(TASK DIRECTIONS):
Set down every record below exactly as it appears, but without the pictures.

(PROVIDED RECORDS):
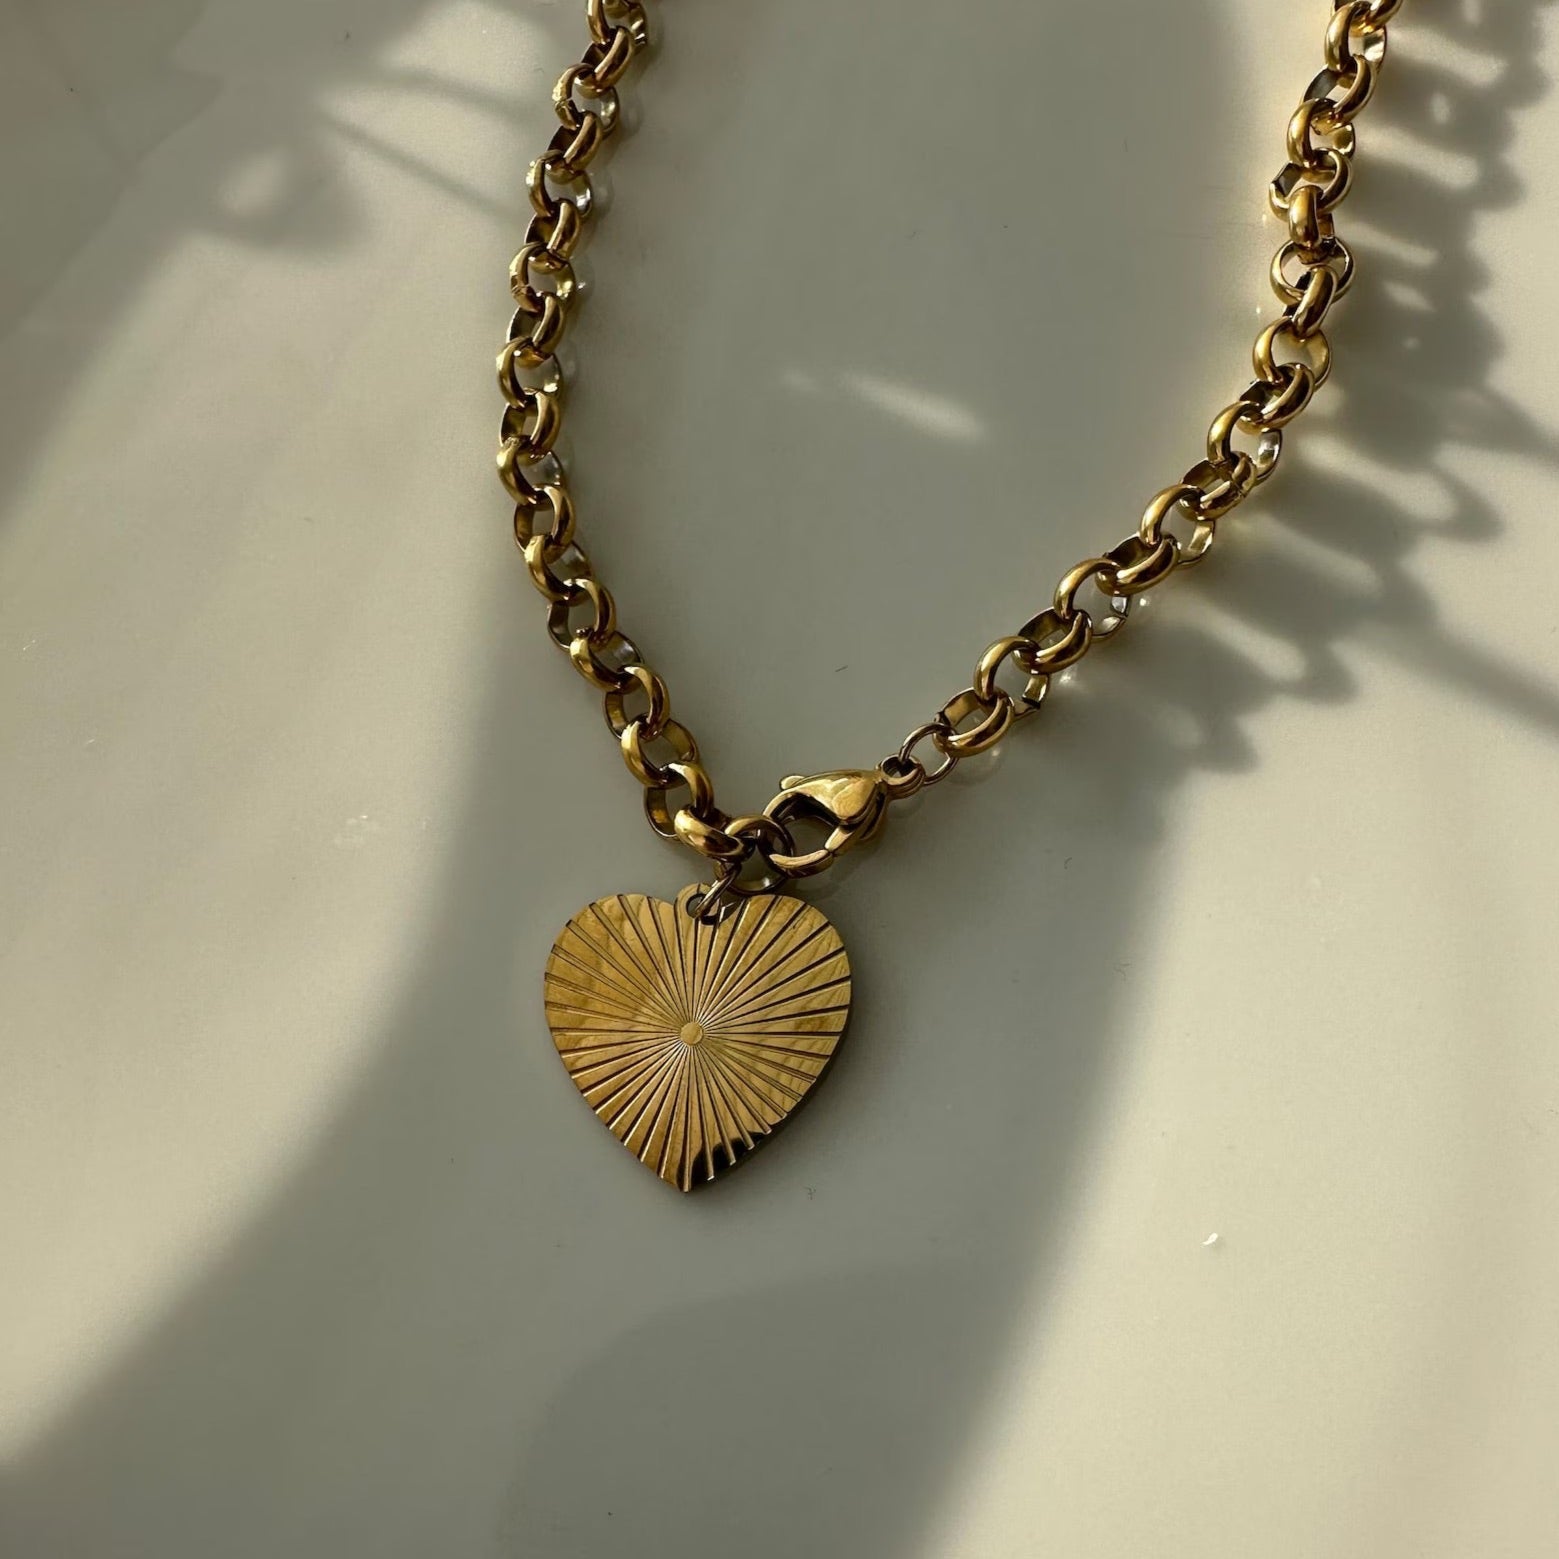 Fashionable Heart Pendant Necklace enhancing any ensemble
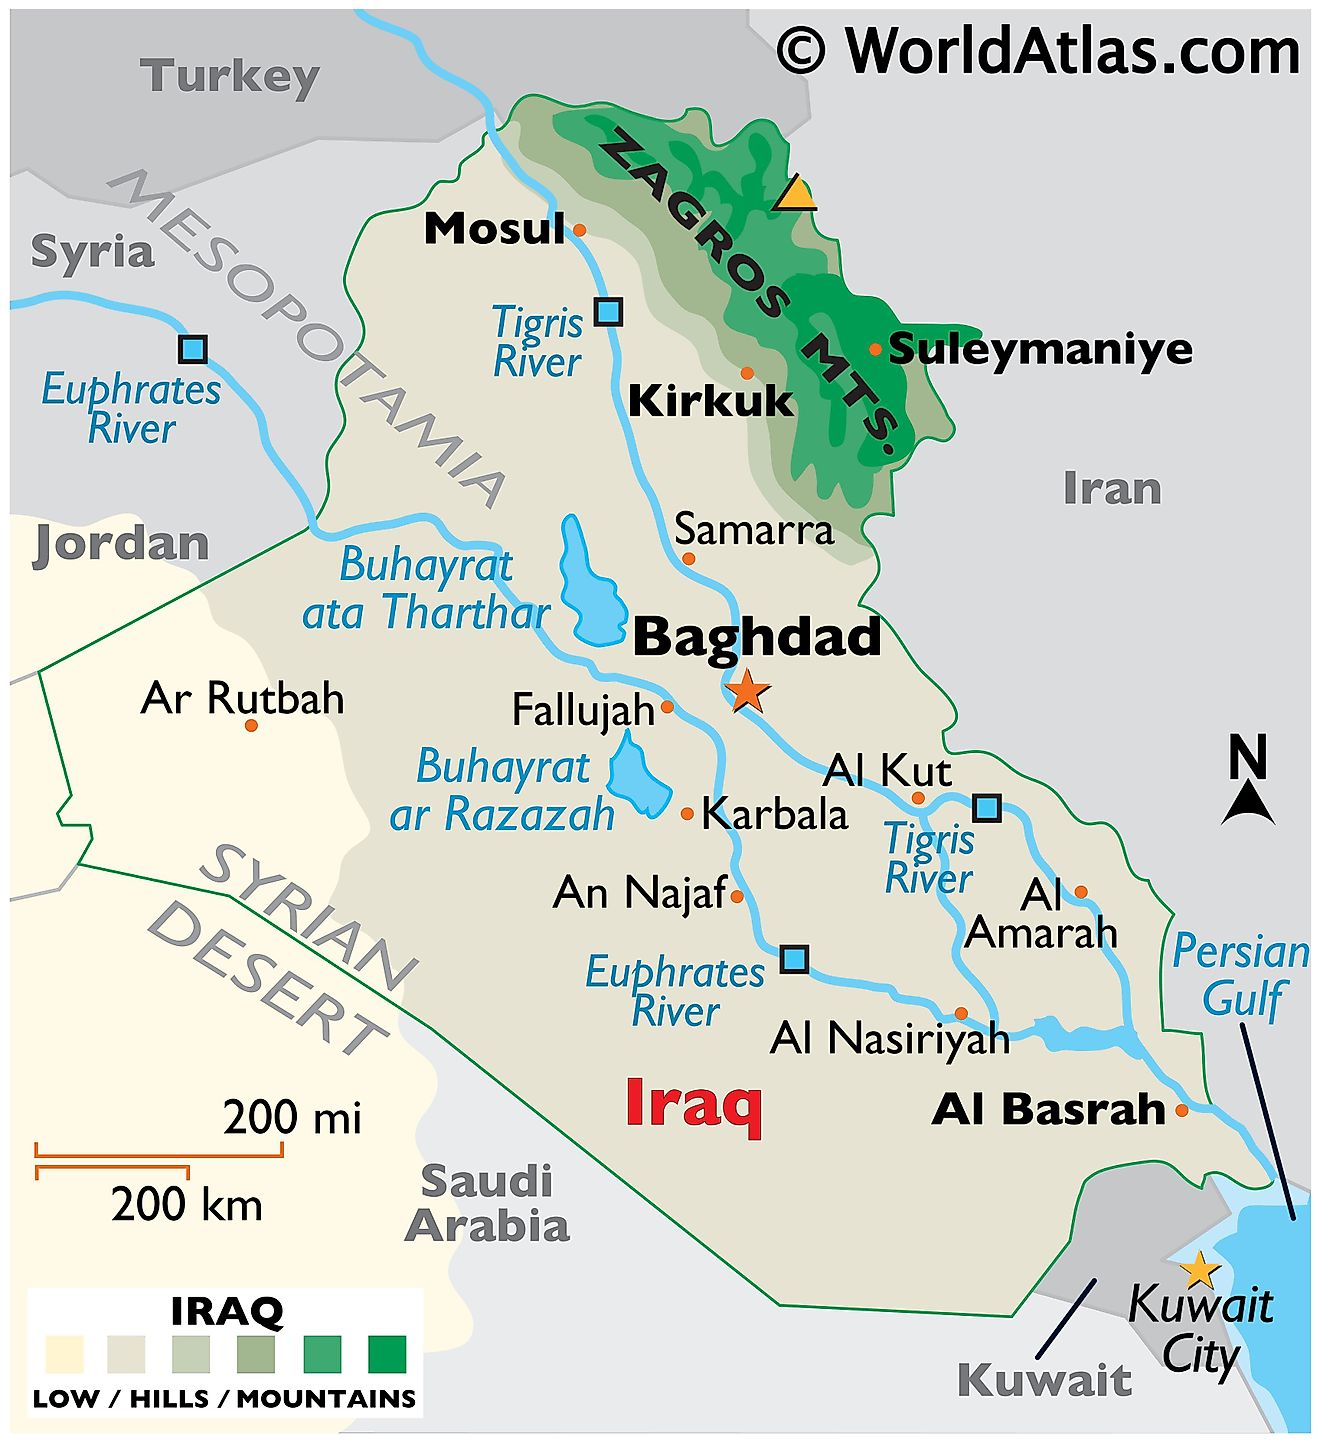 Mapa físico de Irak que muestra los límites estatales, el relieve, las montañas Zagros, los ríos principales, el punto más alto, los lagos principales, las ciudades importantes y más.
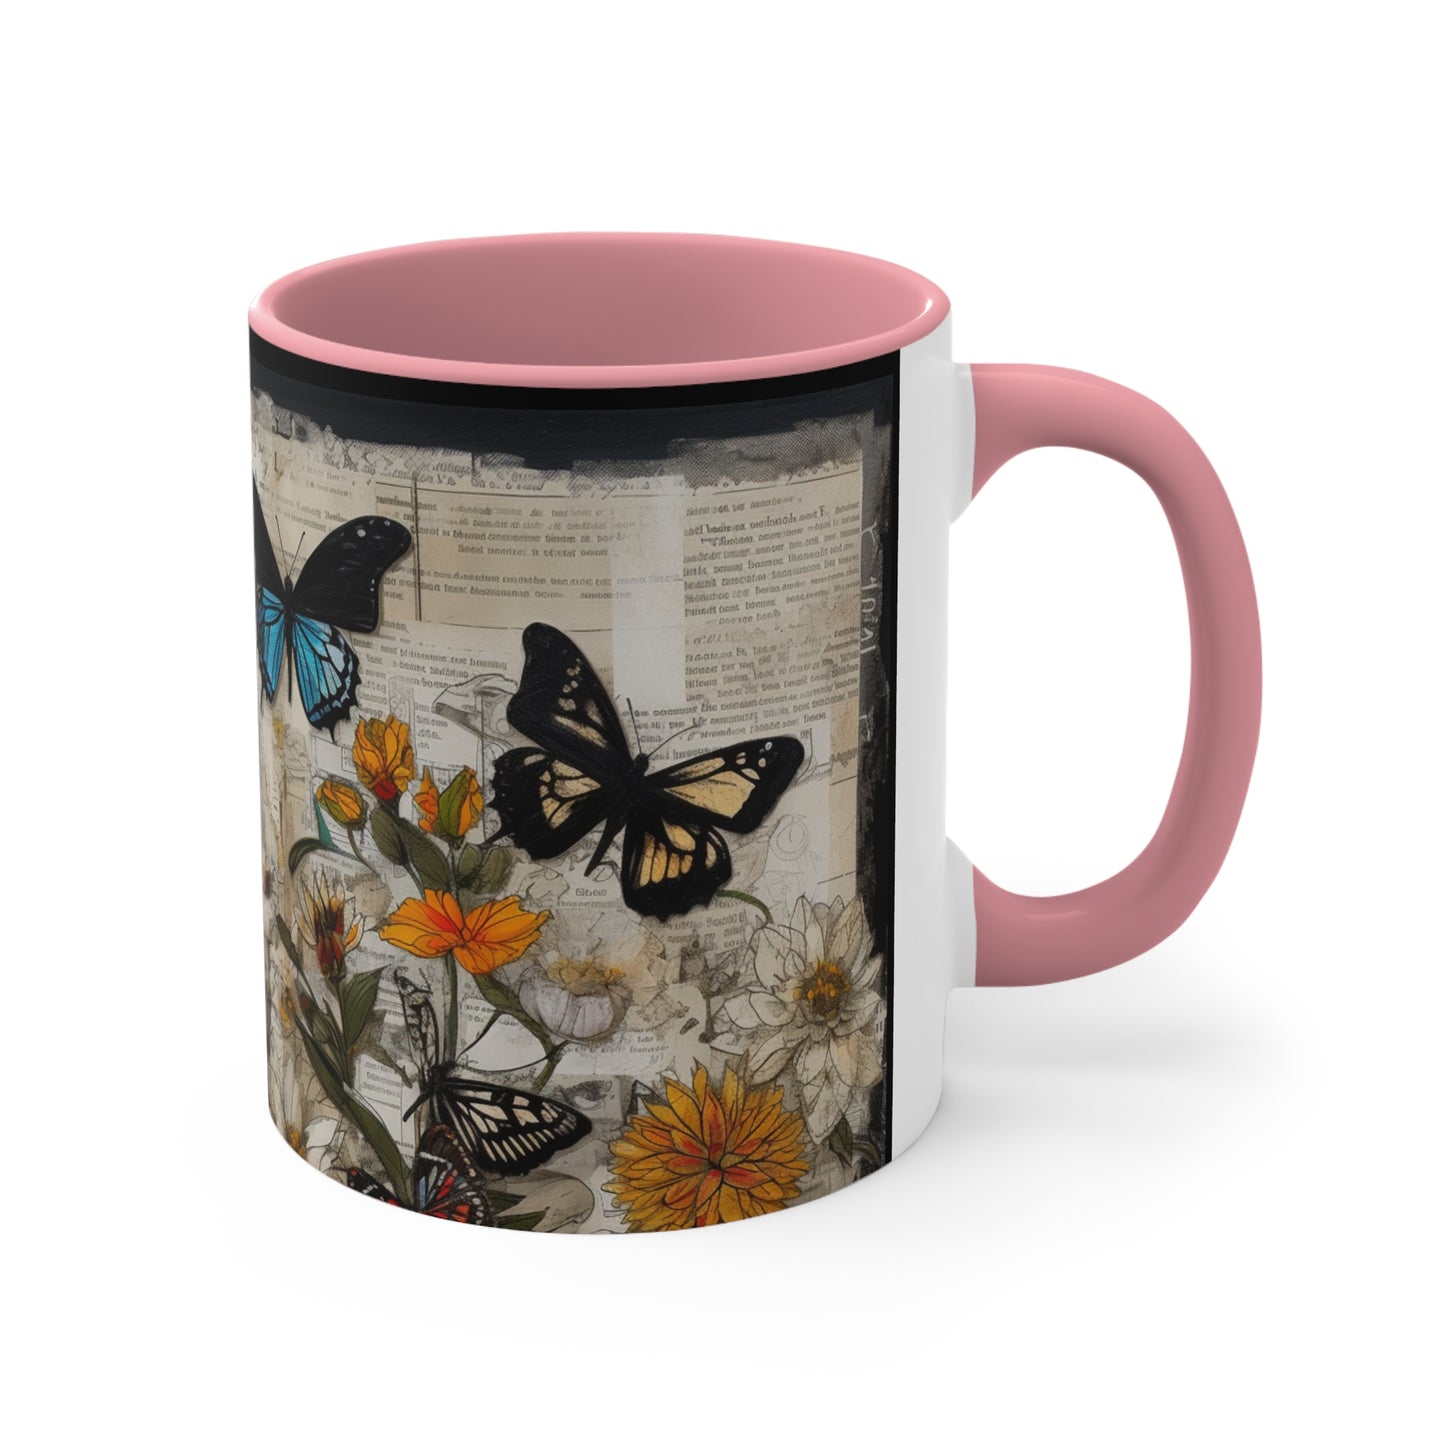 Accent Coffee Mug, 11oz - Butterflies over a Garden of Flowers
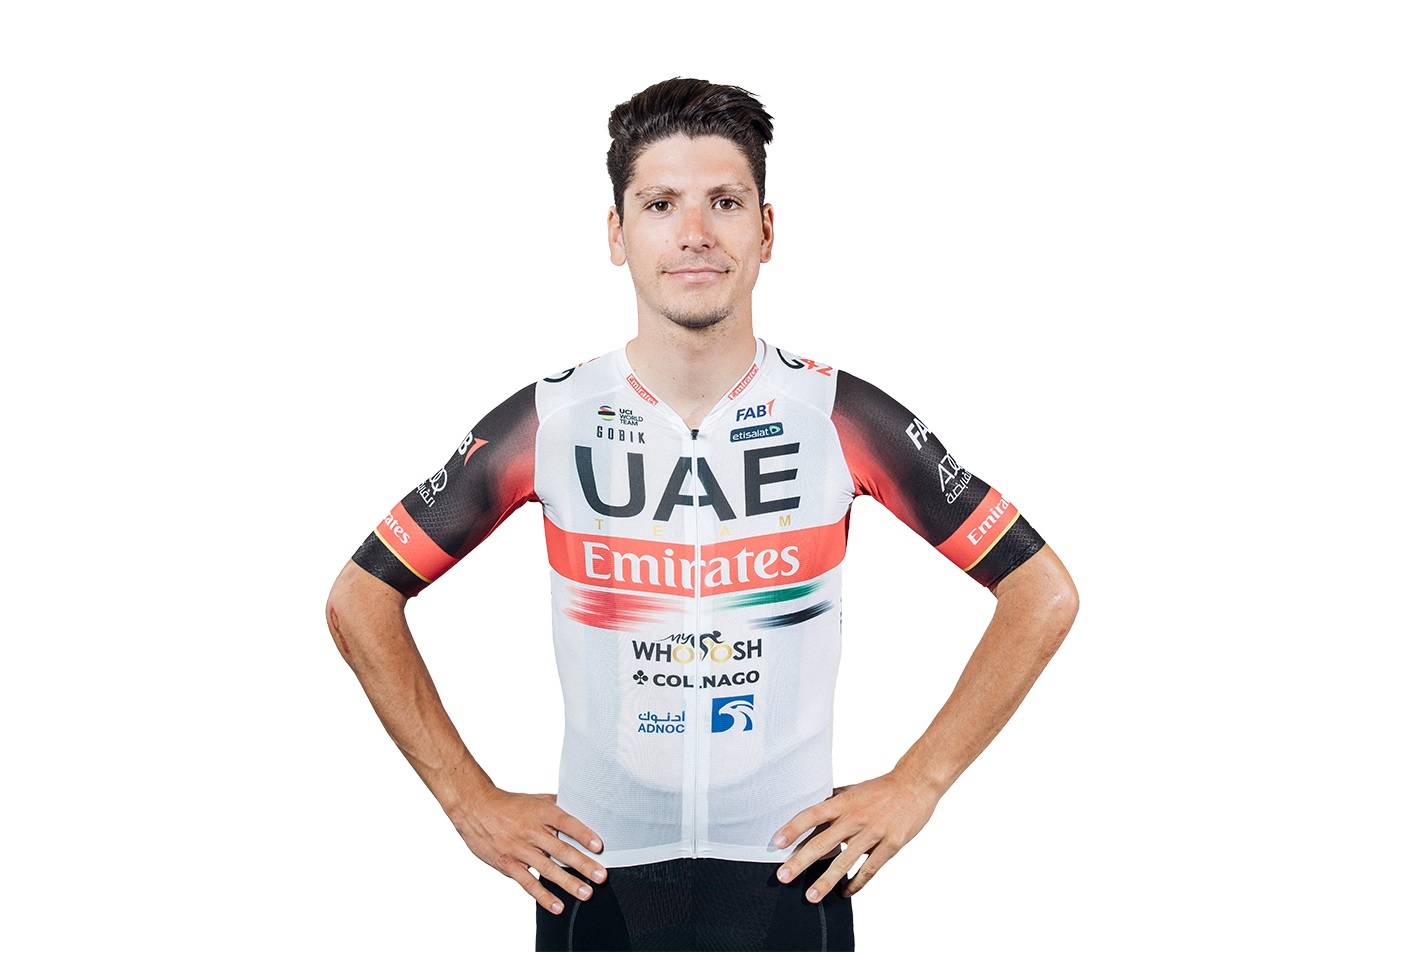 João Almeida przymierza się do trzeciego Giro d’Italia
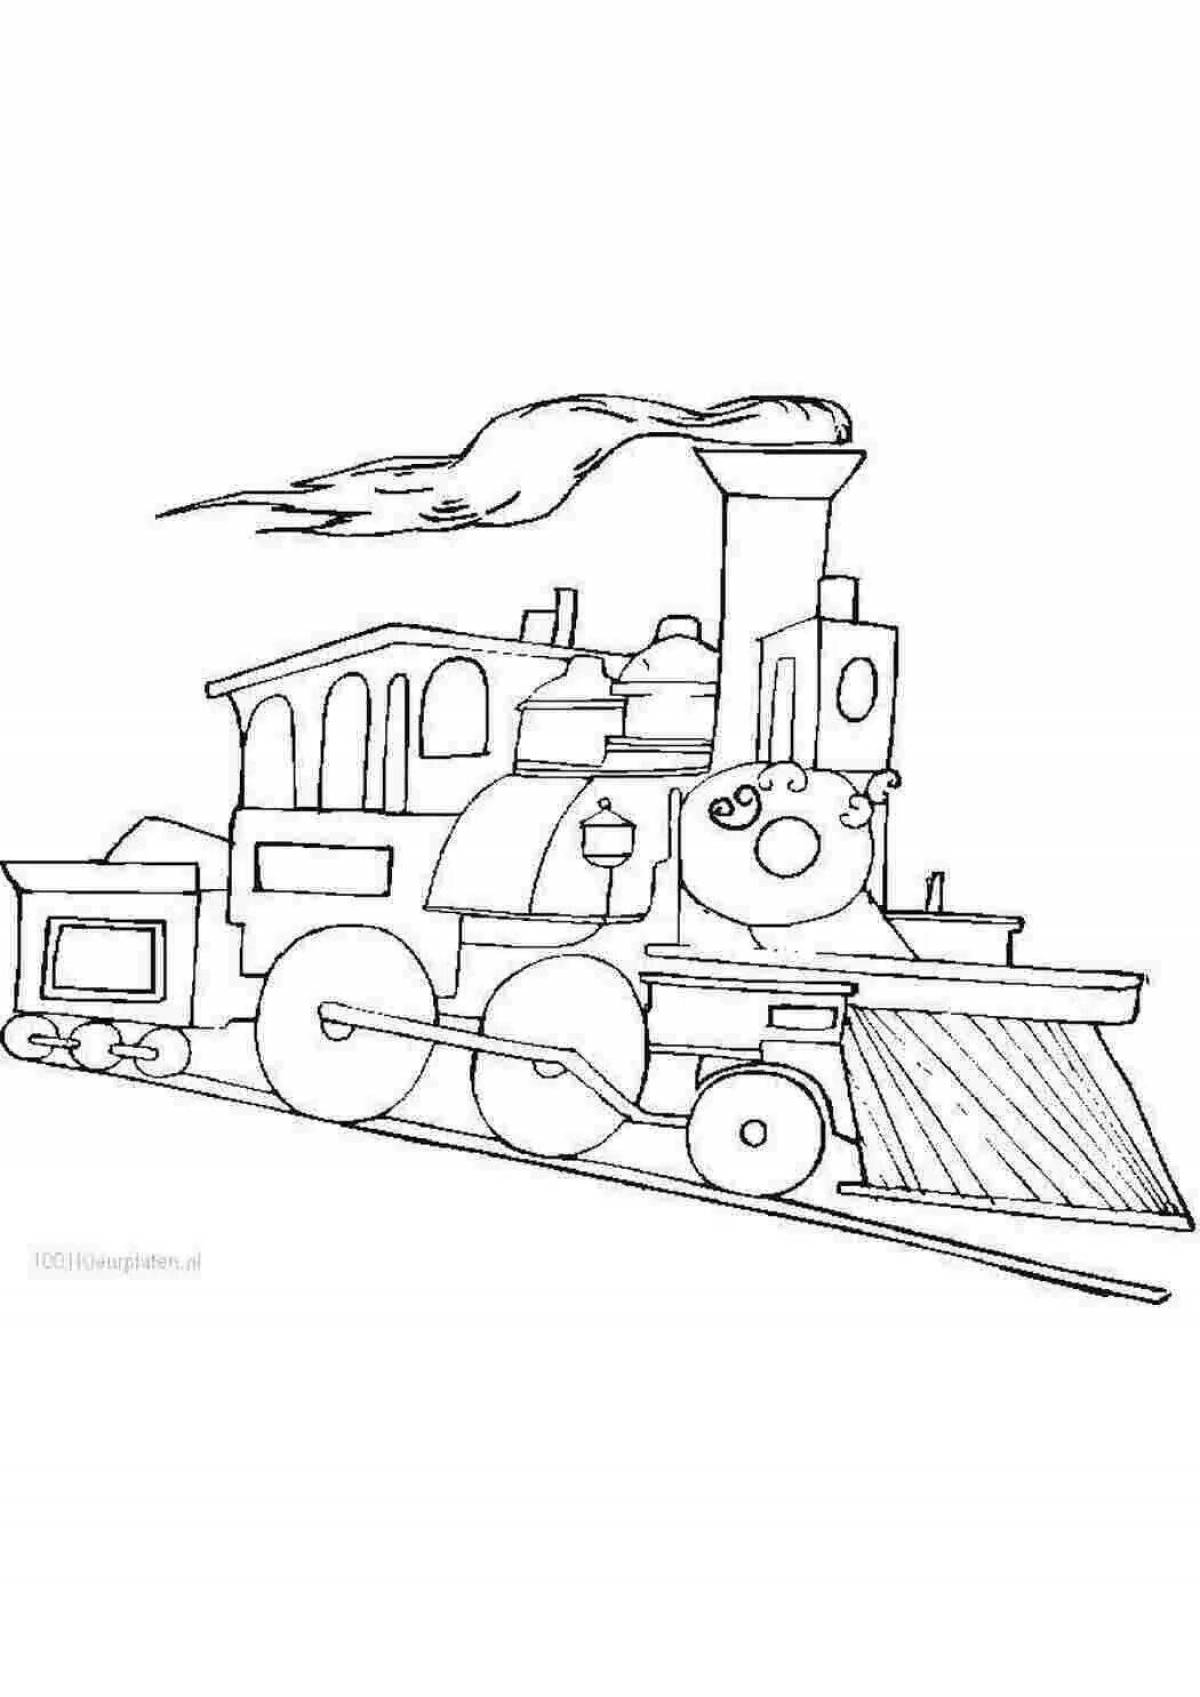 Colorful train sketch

(ANSWER TO THIS EXERCISE):
 Fashionable Heart Pendant Necklace enhancing any ensemble
 Mapa físico de Irak que muestra los límites estatales, el relieve, las montañas Zagros, los ríos principales, el punto más alto, los lagos principales, las ciudades importantes y más.
 Accent Coffee Mug, 11oz - Butterflies over a Garden of Flowers
 João Almeida przymierza się do trzeciego Giro d’Italia
 Colorful train sketch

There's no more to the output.